Mme Bonenfant and Mme Cestre were waiting outside with the two children, whom the Americans had scarcely laid eyes on, and Alix’s baby in her stroller. The Americans shook hands with their hostess, with Mme Bonenfant, with Mme Cestre. They disposed of the dressing case and the two small suitcases among the three of them. Sabine kissed her mother and grandmother, and then, mounting their bicycles, waving and calling good-by, they rode out of the courtyard, past the Lebanon cedar that was two hundred years old, and down the cinder drive.
Harold did not dare look at the piece of paper until they had turned into the road and there was no possibility of his being seen from the house. He let Barbara and Sabine draw ahead and then, balancing a suitcase with one hand, he put his other into his pocket. By all the rules of narration it should have been a communication from M. Viénot, a prisoner somewhere in the attic, crying out for help through his only friend, the cook. It was, instead, a recipe for French-fried potatoes, and with it, on another piece of paper three inches square, a note:
Si, par hasard, M. et Mme Rhodes connaissaient quelqu’un desirant du personnel français mon fils et moi partirions très volontiers à l’Etranger. Voici mon addresse Mme Foëcy à St. Claude de Diray Indre-et-Loire.…
So he was not so far off, after all. It was the cook who wanted them to rescue her, from Mme Viénot and the unhappy country of France.
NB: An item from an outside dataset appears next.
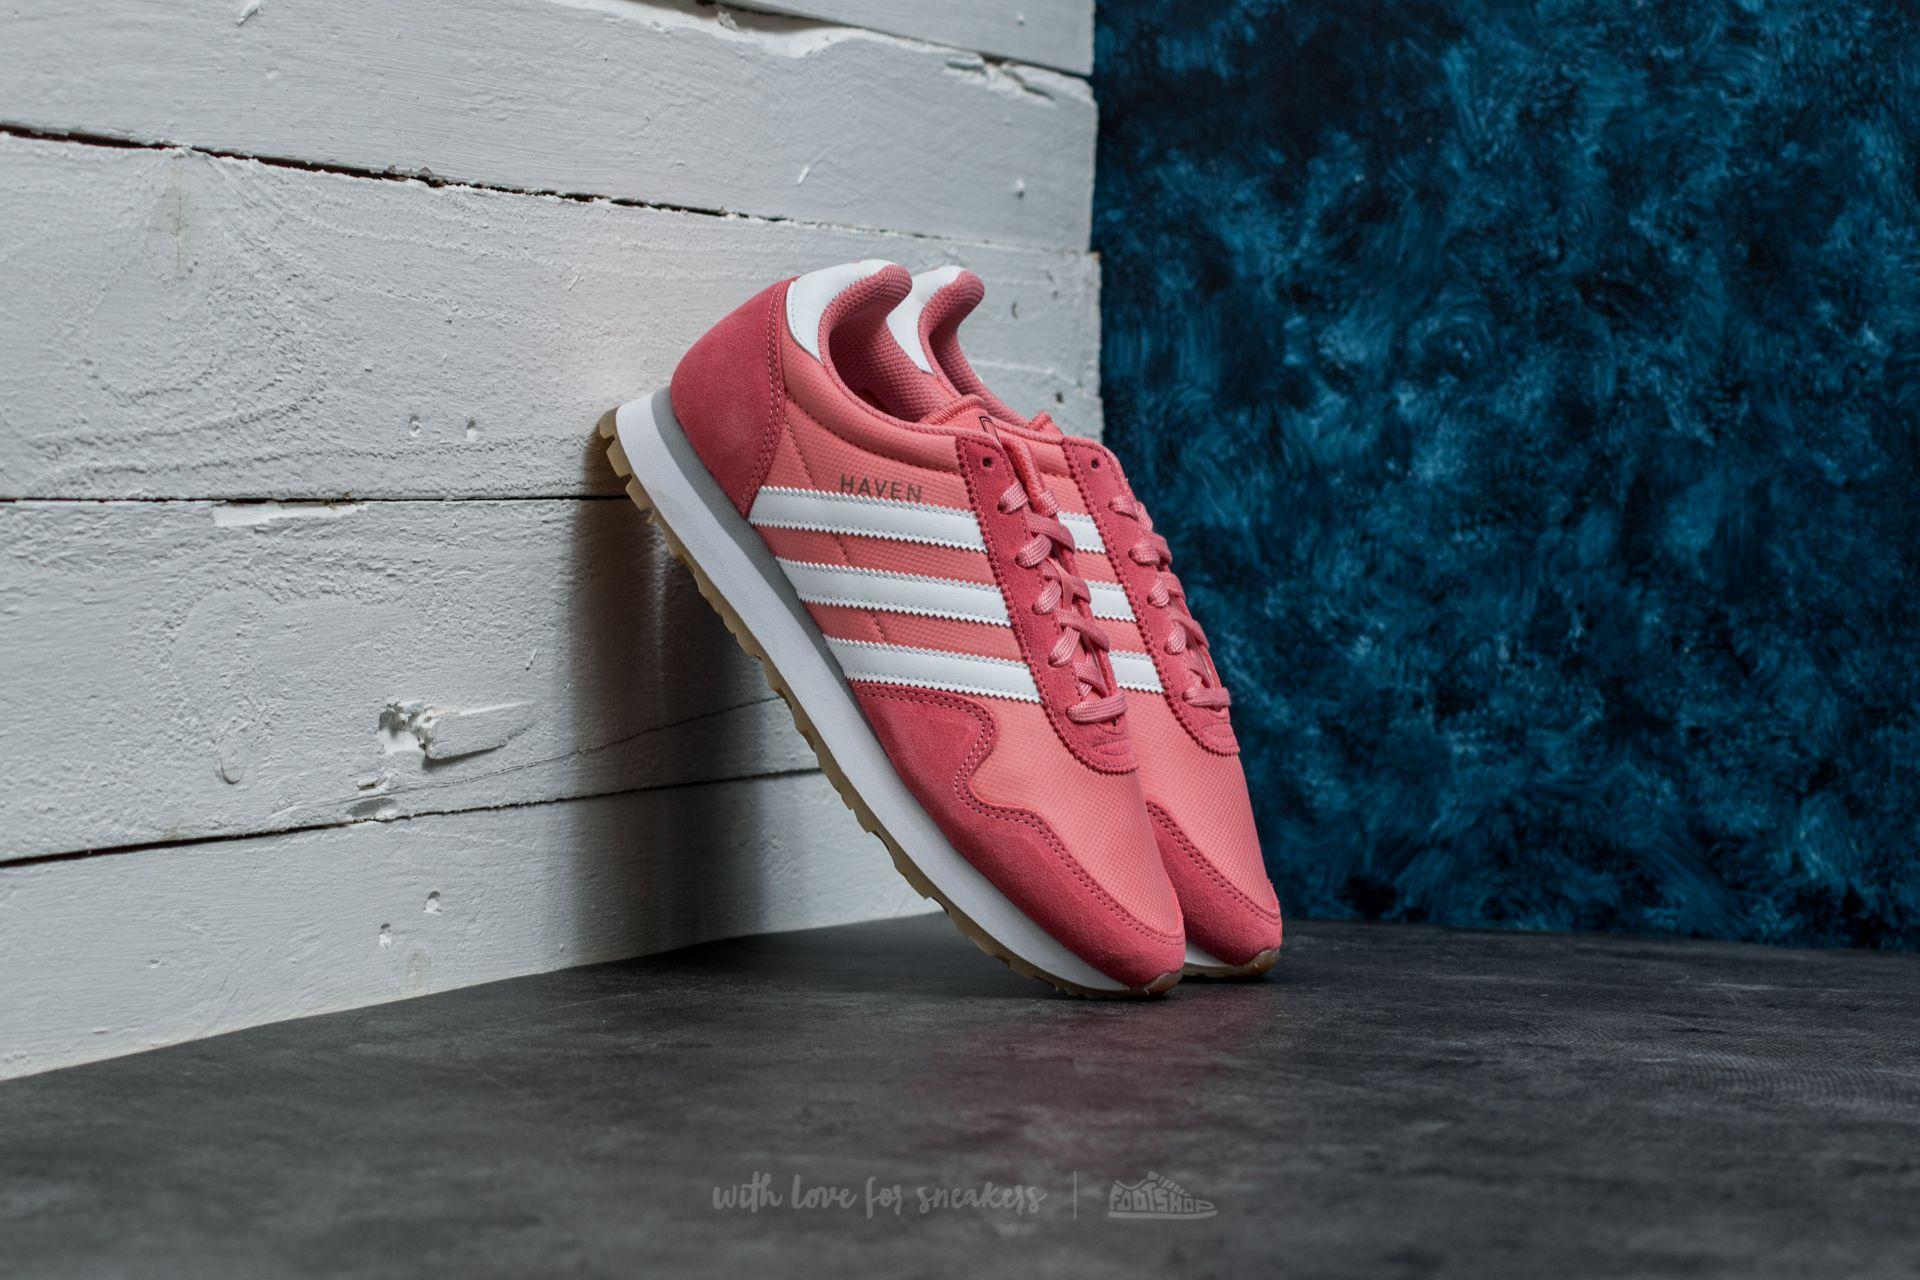 adidas Haven W Tacros  Ftw White  Gum3  b97767f53

IN ALL THE FIELDS between the château and the village, the grain had been cut and stacked. The scythe and the blades of the reaper had spared only those poppies that grew along the road, among the weeds and the wildflowers. The bluets had just come into flower.
“My sister was married at Beaumesnil,” Sabine said, “and because of the Occupation we couldn’t have the kind of flowers that are usual at weddings, so, half an hour before the ceremony, the bridesmaids went out and picked their own bouquets, at the side of the road.”
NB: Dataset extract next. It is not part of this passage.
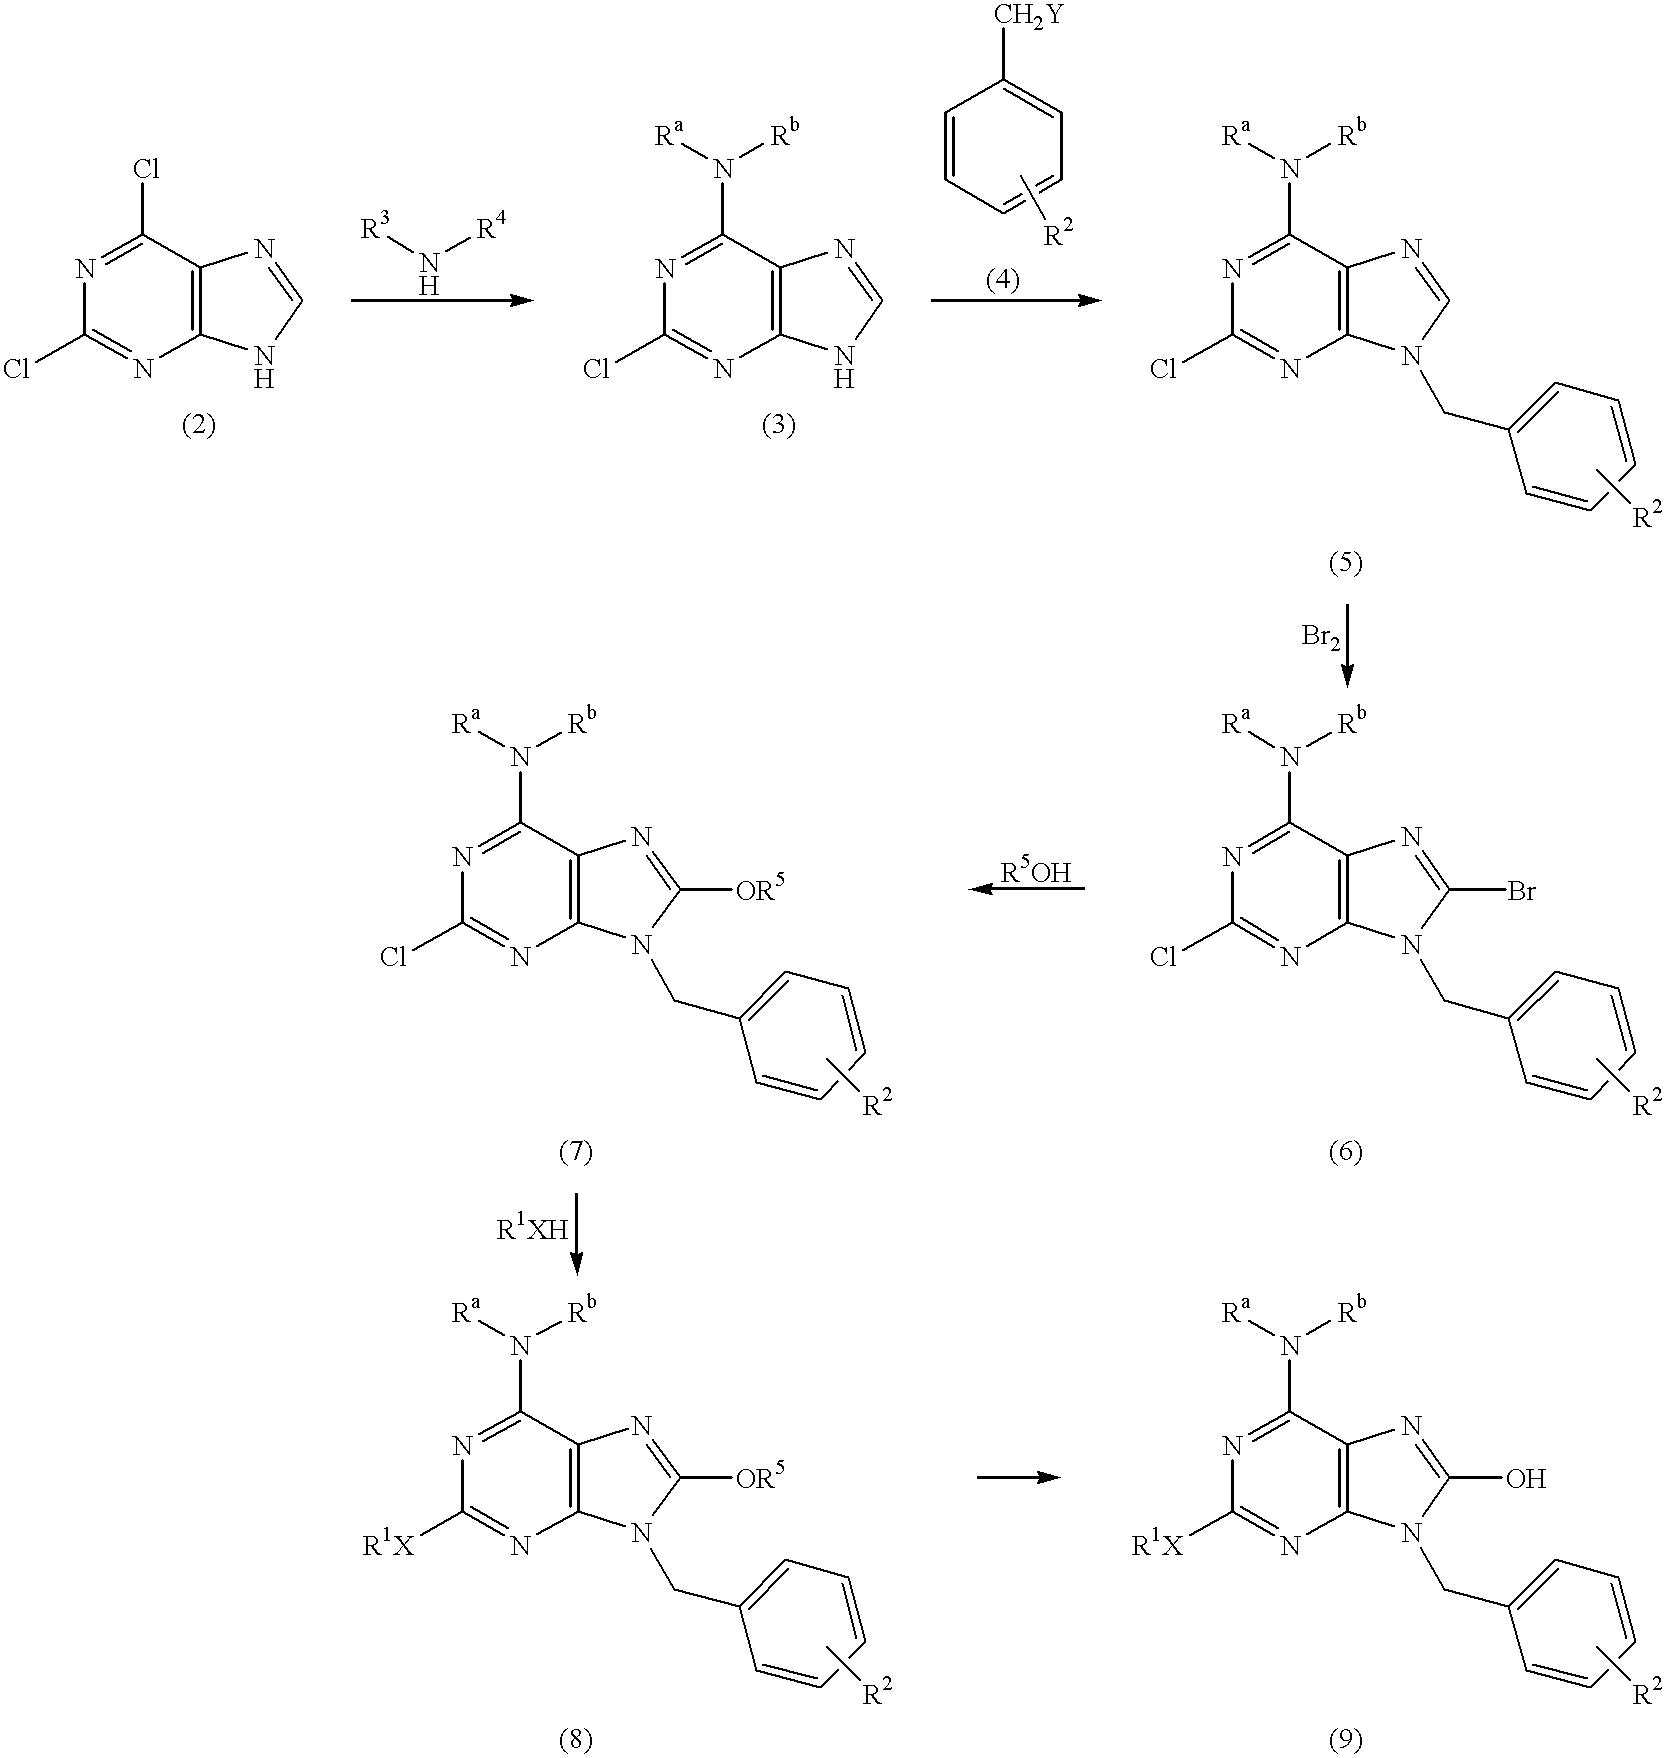 Figure US06329381-20011211-C00005

“It sounds charming,” Barbara said.
“It was.” Sabine swerved to avoid a rut. “There were some people from the village present, and they thought that if my sister had field flowers for her wedding it must be the fashion. Since that time, whenever there is a wedding in Brenodville the bride carries such a bouquet.”
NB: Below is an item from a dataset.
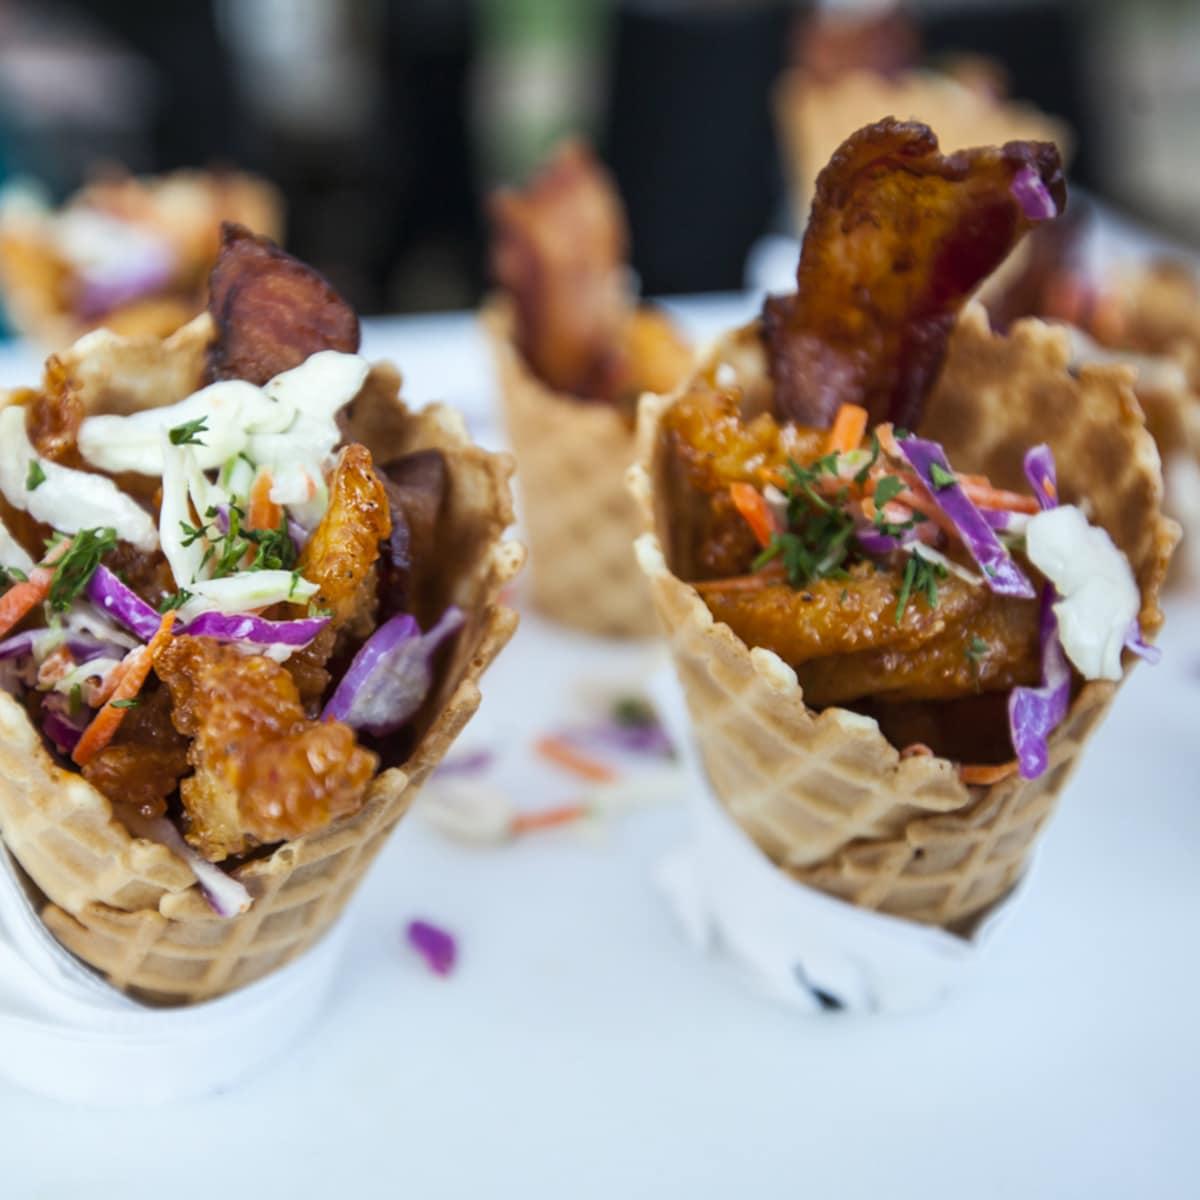 La Dolce Vita Food and Wine Festival The Contemporary Austin chicken waffle cone sample 2014

The note of condescension he heard in her voice was unconscious, Harold decided, and had nothing to do with the fact that she belonged to one social class and the village to another but was simply the smiling condescension of the adult for the child. He kept turning to look back at the château, so white against the dark woods. Since he couldn’t do what he would have liked to do, which was to fold it up and stuff it in the suitcase and take it away with him, he tried to commit it to memory.
Then they were at the outskirts of Brenodville, and it looked as if the whole village had come out to meet them and escort them to their train. Actually, as he instantly realized, it was simply that it was Sunday afternoon. The people they met spoke to Sabine and sometimes nodded to the Americans. They cannot not know who we are, he thought, and at that moment someone spoke to him—a middle-aged man in a dark-blue Sunday suit, with his two children walking in front of him and his wife at his side. Surprised and pleased, Harold answered: “Bonjour, monsieur!” and when they were past, he turned to Sabine and asked: “Who is that?”
“That was M. Fleury.”
He looked back over his shoulder to see if their old friend had stopped and was waiting for him to ride back, but M. Fleury had kept on walking.
“Have I got time to ride back and speak to him?” he said.
“You did speak to him,” Barbara said.
“But I didn’t recognize him. He looked so different.”
The girls were talking and didn’t hear him.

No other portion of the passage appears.